International institutions and financial market analysts, including the IMF, World Bank and S&P Global, use a range of indicators to assess vulnerability to these risks.
- External position—what is the external debt and reserves position? Is the current account in deficit and how far has the currency deviated from its long-term average?
- Domestic position—how leveraged is the private and public sector?
- Economic stability—what is the growth and inflation outlook? How reliant is the country on commodity exports, given the volatility in global commodity prices?
- Policy effectiveness—how effective is the regulatory environment and how severe are political risks?

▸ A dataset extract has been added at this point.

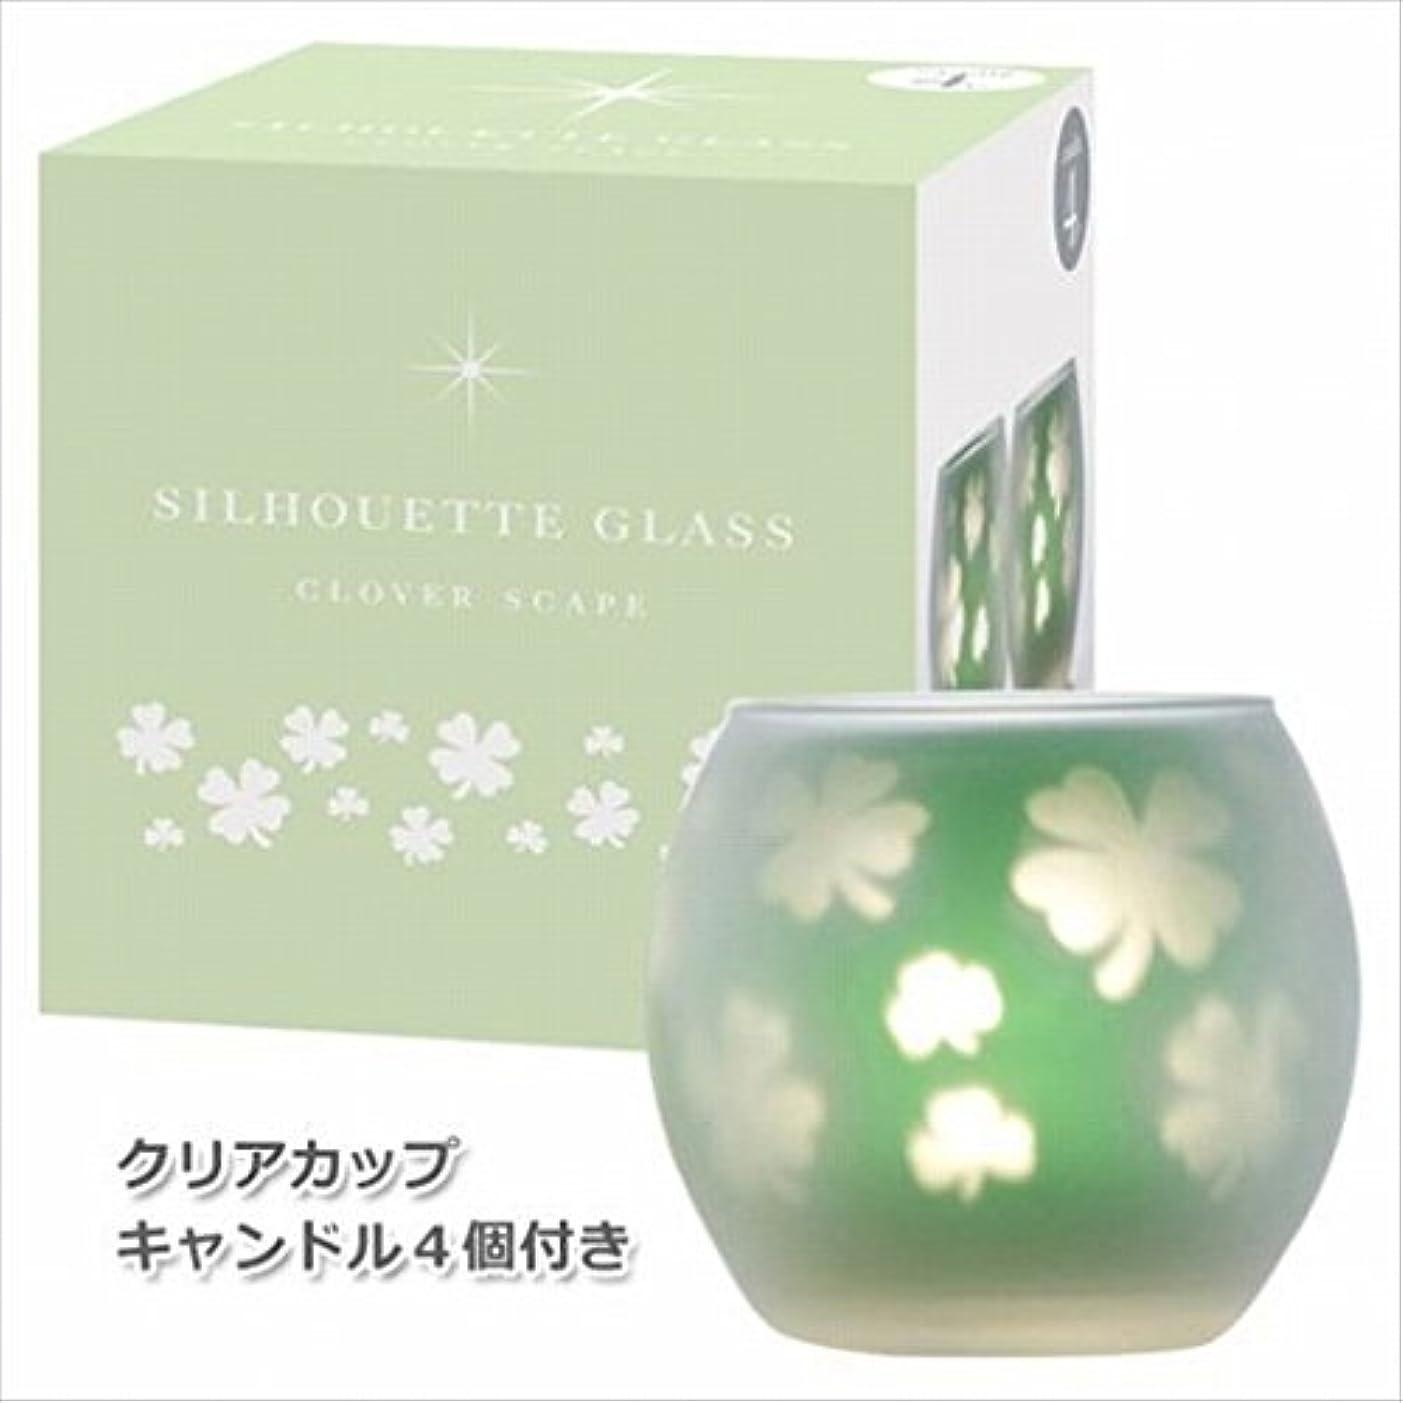 マーベル郡進行中カメヤマキャンドル(kameyama candle) クローバースケープ2【キャンドル4個付き】 シルエットグラス

- Market implied ratings—what do market risk premiums on foreign currency denominated bonds imply about market risk appetite?
According to these measures, many of Australia’s major EM export markets—such as Indonesia, Philippines, Thailand, Vietnam and Malaysia—are well placed (Table), benefiting from relatively robust domestic consumption and a competitive manufacturing export base. Global supply chains are unlikely to shift away from these economies, which supports external stability, foreign investment, and broader financial stability, amid moderate debt burdens. Rising incomes, favourable demographics and business-friendly reforms help reduce vulnerabilities in many of these economies.
China and India also remain above the EM median. While China and India have been subject to large US tariff increases, both economies are less reliant on US goods demand than Asian peers. India is expected to remain the world’s fastest growing major economy—supported by policy easing, service sector expansion and infrastructure development—while solid reserve buffers bolster resilience to external shocks. This is balanced against India’s high public debt and low revenue generation, a weak but improving financial sector and lagging structural issues. China’s continued, albeit slowing, economic growth is supported by incremental policy stimulus. However, the struggling property market, weak consumer confidence, ongoing deflation, overcapacity and geopolitical tensions are raising economic vulnerabilities.
Other major export markets sit below the EM median. For instance, while PNG is making strong progress on reforms under its IMF program, economic vulnerabilities remain high and downside risks include volatile commodity prices, natural disasters and political and social instability. Meanwhile, Pakistan and Bangladesh are gradually recovering from political instability that dented public and external finances, prompting the IMF to agree packages to shore up economic and financial stability.